The court’s response? It orders WPPS to disable the domain name, fork over the principal’s identity, and freeze any transfer of the domain name.
I am extremely bearish on the future of domain name privacy proxy services. It seems inevitable that IP plaintiffs are going to drive that particular service offering into the ground with their litigation.
3) The publishers also sued two ad networks, Chitika and Clicksor, for contributory copyright infringement. The supporting allegations? The ad networks directly profit from the infringement and provide the funds to enable Pharmatext.com to continue its existence.
Traditionally, contributory copyright infringement requires knowledge of the infringing activity and a substantial contribution to the infringing activity. I didn’t see any allegations of knowledge by the ad networks at all–no assertions that the ad networks had figured out that Pharmatext,org was a rogue website, and no assertions that the copyright owners sent a C&D or takedown notice. (I don’t think the ad networks qualify for a 512 safe harbor because of the way those safe harbors are worded; but a C&D/takedown notice would still help the publishers in arguing that the ad networks knew it was a rogue website). The ad networks’ only “contribution” to the infringement is the payment of money to the site, and this was expressly rejected as sufficient for liability in Perfect 10 v. Visa, which concluded that even if the payment system stopped the flow of money, it would not automatically stop the website and any associated infringement on it.
Further, if Pharmatext was a contributory infringer for linking to infringement, this means the ad networks would be contributing to a contributory infringer–another tertiary liability argument.
The court’s response: it ordered the ad networks not to pay any money to Pharmatext and to drop them as customers.
From the PACER report, it appears that the defendants haven’t contested the publishers’ claims. I hope that will change. This is a case where the publishers have clearly overreached, and if the judge won’t call them on it himself, we need the adversarial system to expose the major gaps in the publishers’ logic.

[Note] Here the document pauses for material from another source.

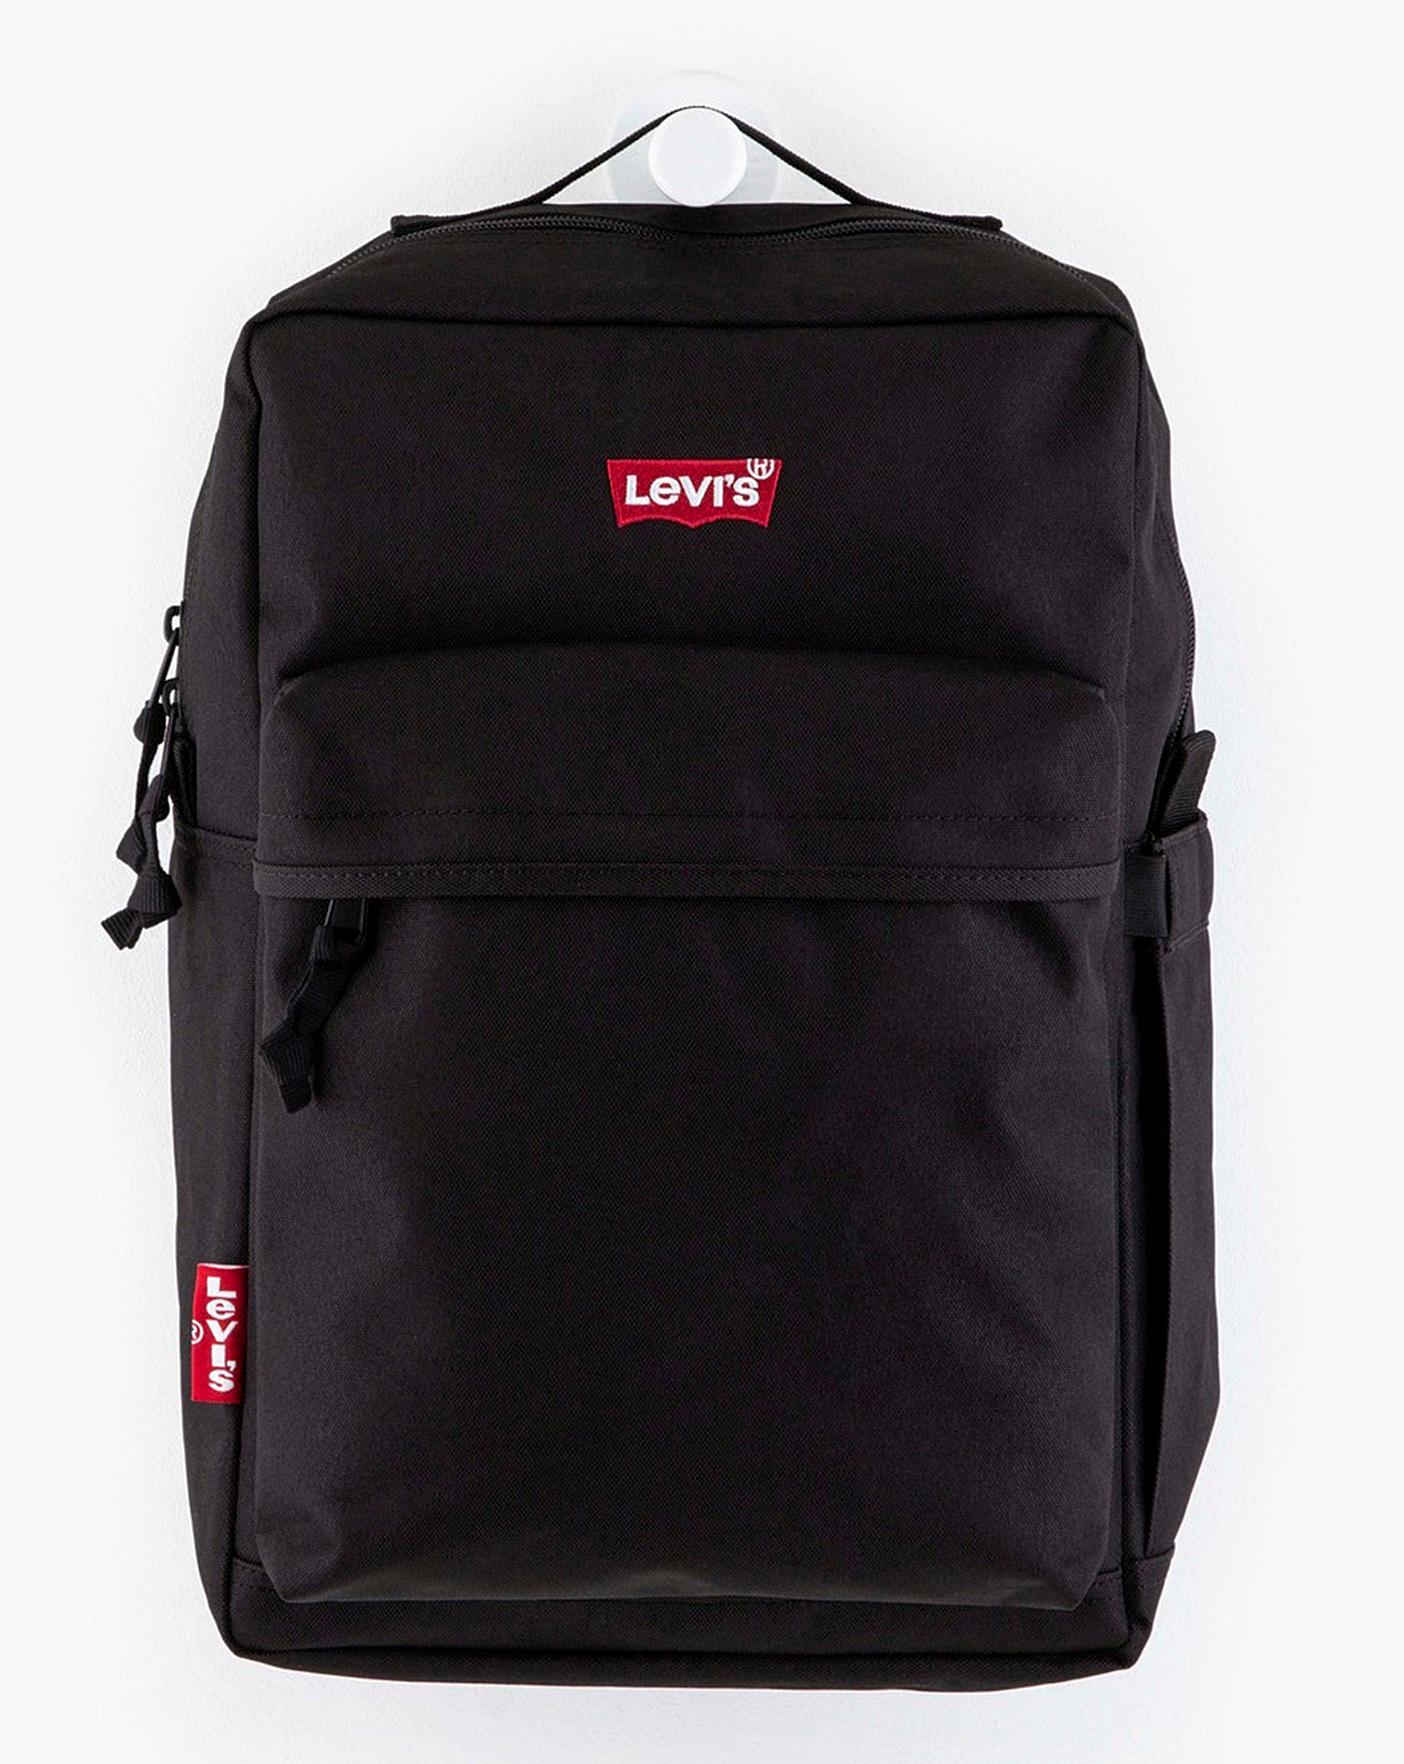 levis back pack

Meanwhile, this case illustrates two broad themes. First, it illustrates how plaintiffs are going after an array of supporting service providers to make them responsible for their customers’ activities. On the trademark front in the past 12 months, see, e.g., Louis Vuitton v. Akanoc (web hosts), Gucci v. Frontline (payment service providers), Roger Cleveland v. Price (web designers/SEO), Microsoft v. Shah (software vendors that assist website development). Plaintiffs are reading secondary liability doctrines very, very broadly, and courts aren’t always slamming down those arguments as emphatically as they should.
Second, several other lawsuits have tried to nail ad networks for providing advertising support to infringing sites. As another example (also in the trademark realm), see the Vulcan Golf v. Google lawsuit. The only successful case that I can recall involves Triton Media, a ruling that was so skewed by its facts that I didn’t think it was worth a full blog post. Wendy Davis discusses the comparison more.
If this lawsuit ends with the current injunction, I’ll consider this ruling an interesting oddity. Any further developments in this case warrant careful scrutiny.